Les obligations d’État européennes ont également vu leurs rendements baisser. Le rendement du bund allemand à 10 ans est tombé à 4,023 %, tandis que celui du gil britannique à 10 ans a chuté à un plus bas de 14,5 mois à 4,271 %. La confiance économique dans la zone euro s’est unexpectedly affaiblie, passant à 98,3 contre 99,8 attendu, bien que la croissance de la masse monétaire reste résiliente à 3,3 % en glissement annuel. Les marchés intègrent actuellement une probabilité de seulement 2 % d’une baisse de taux de 25 points de base lors de la prochaine réunion de la BCE le 19 mars.

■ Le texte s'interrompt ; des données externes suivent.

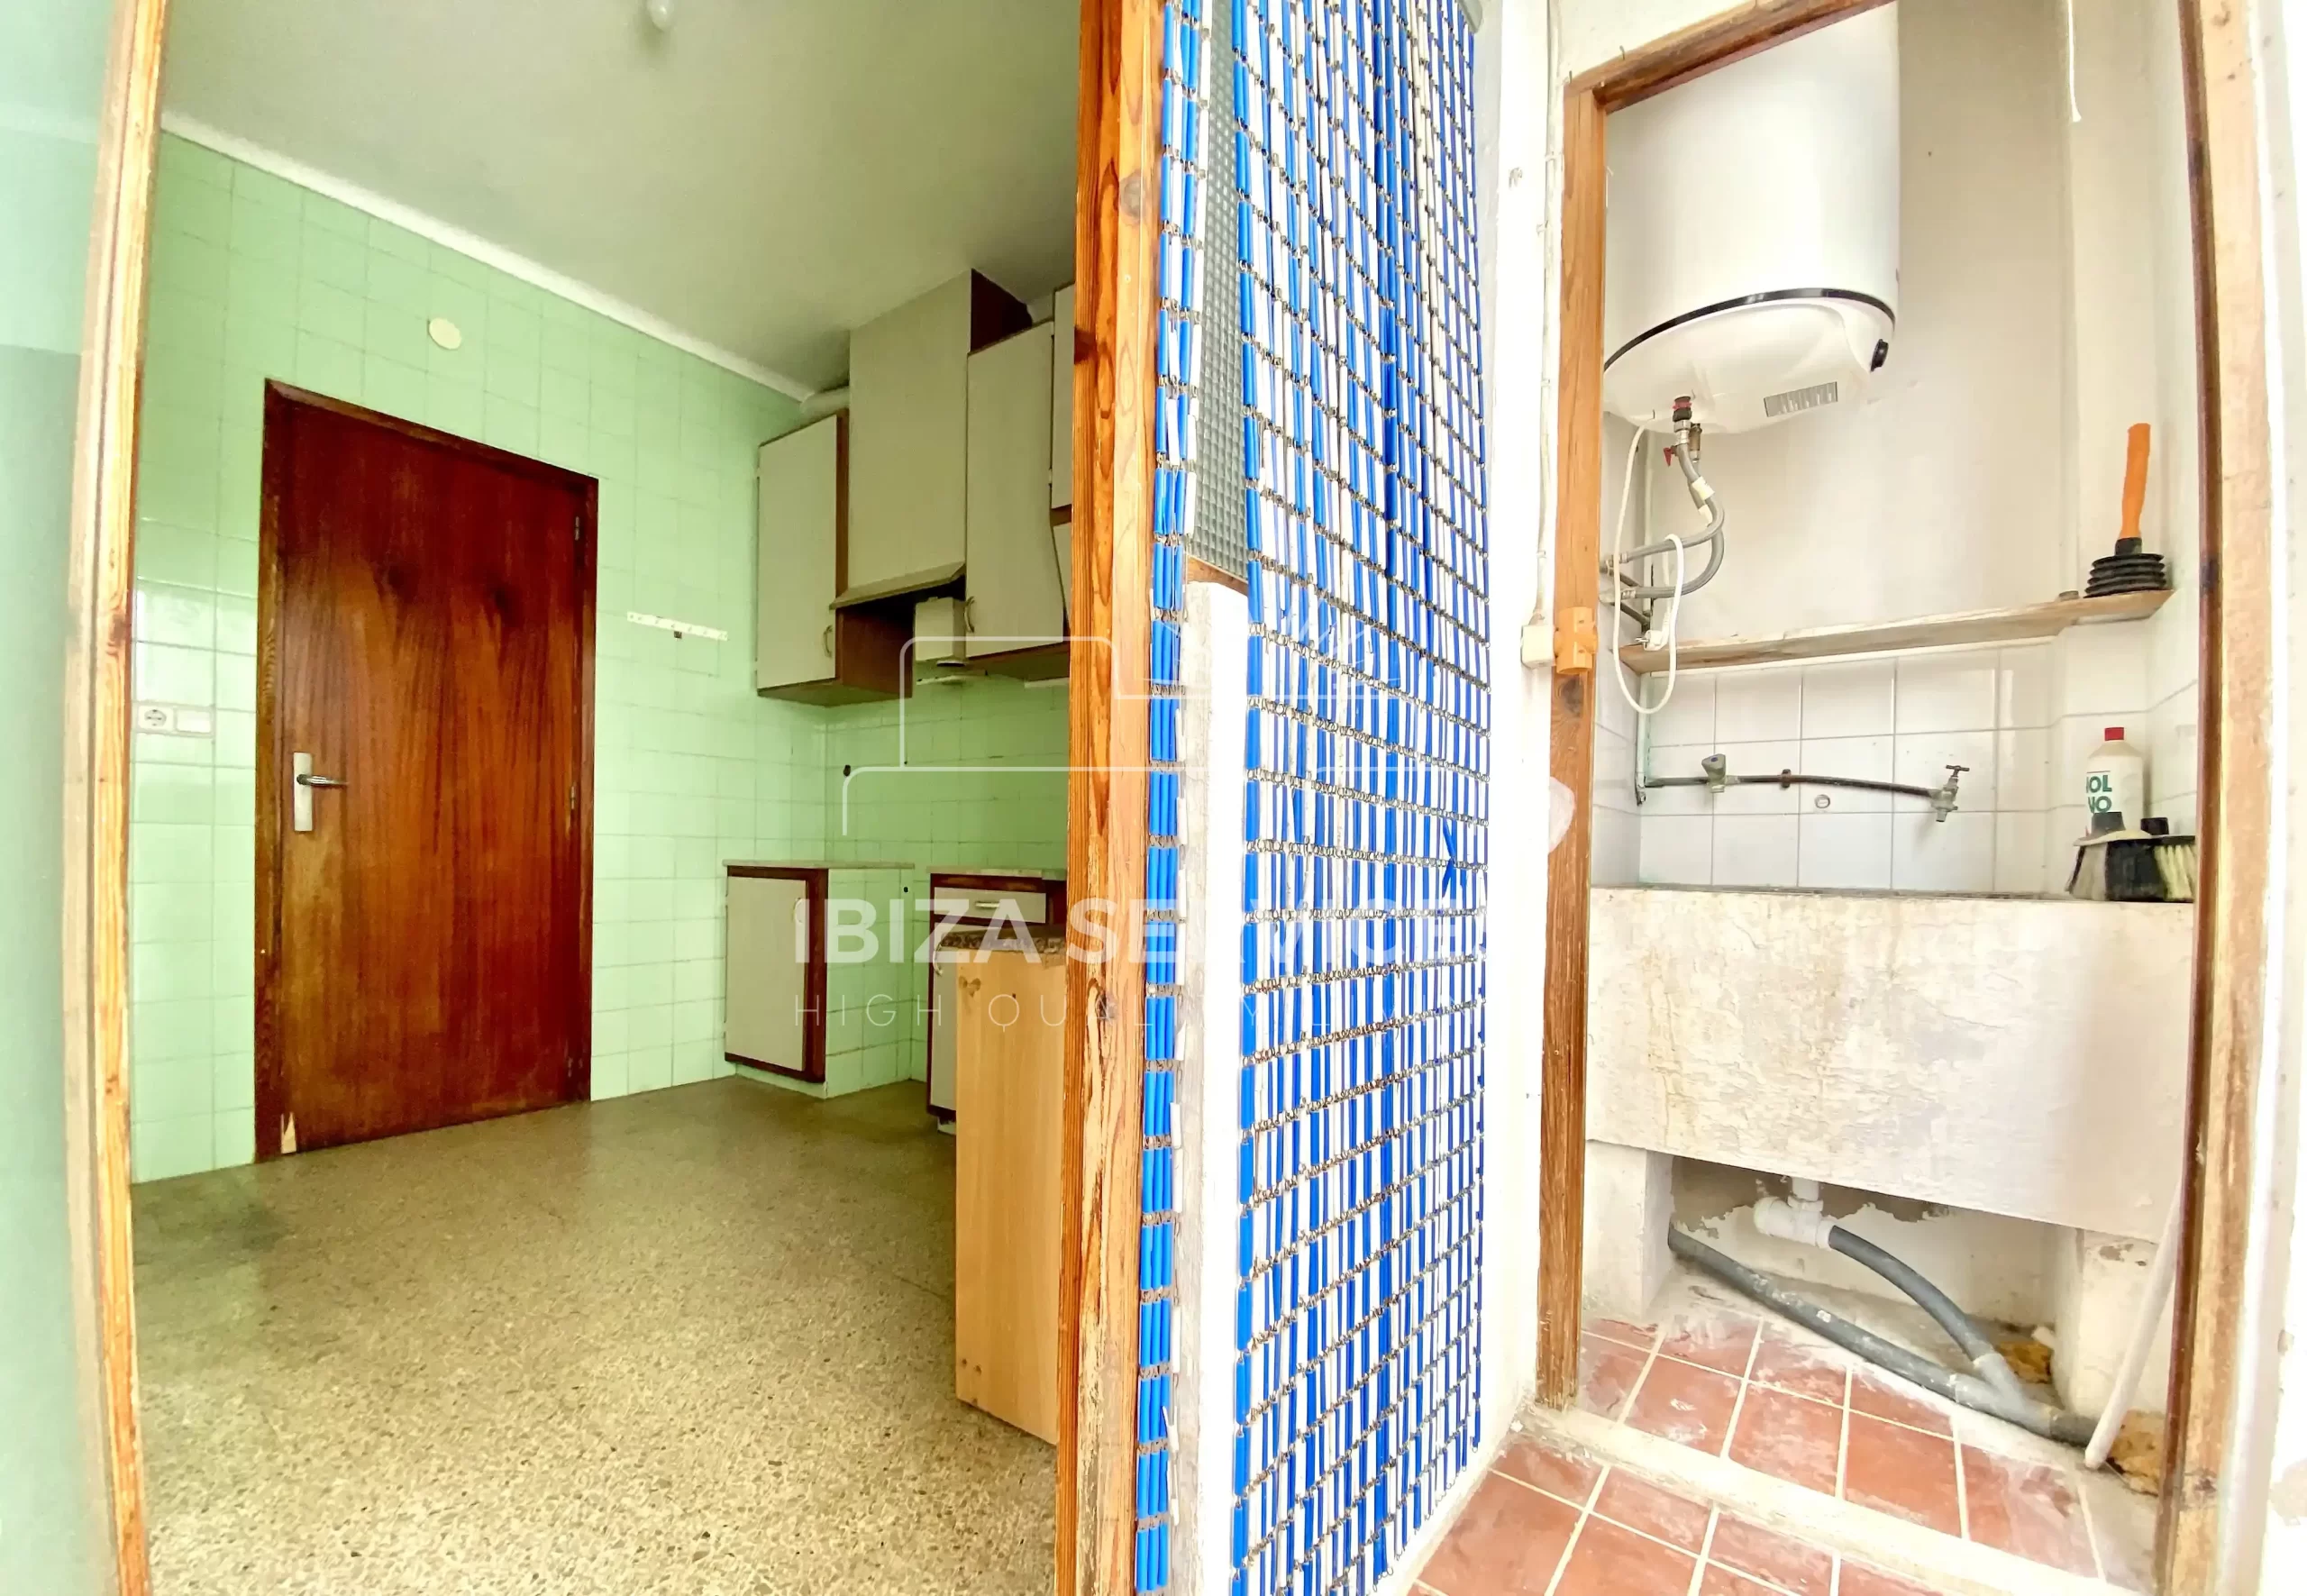 En venta apartamento de 3 dormitorios a reformar en Ibiza ciudad

Gagnants et perdants individuels : une rotation sélective

Au-delà de la divergence entre semi-conducteurs et logiciels, les résultats d’entreprises ont provoqué des mouvements importants de certaines actions. PROCEPT BioRobotics a chuté de plus de 22 % après avoir guidé un chiffre d’affaires annuel de 300 à 410 millions de dollars, bien en dessous des estimations consensuelles de 422,1 millions. Chemed Corp a reculé de plus de 16 % après un bénéfice ajusté du T4 de 6,42 dollars, manquant l’estimation de 7,03 dollars. Universal Health Services, qui est en tête des perdants du S&P 500, a chuté de plus de 9 % après avoir annoncé un chiffre d’affaires du T4 de 4,49 milliards de dollars, légèrement inférieur à l’estimation de 4,51 milliards.

Du côté des gagnants, Paramount Skydance a mené la hausse du S&P 500 avec une augmentation de plus de 10 % après avoir publié un chiffre d’affaires du T4 de 8,15 milliards de dollars, supérieur au consensus. Celsius Holdings a augmenté de plus de 10 % suite à un chiffre d’affaires du T4 de 721,6 millions de dollars, largement supérieur à l’estimation de 639 millions. Chime Financial a progressé de plus de 12 % après avoir dépassé les attentes et relevé ses prévisions pour l’année complète.

Le tumulte spectaculaire du marché cette semaine souligne la tension entre l’enthousiasme pour l’intelligence artificielle et les préoccupations de valorisation, entre les déceptions matérielles et la résilience logicielle, ainsi qu’entre l’incertitude politique intérieure et les vents contraires de l’économie mondiale.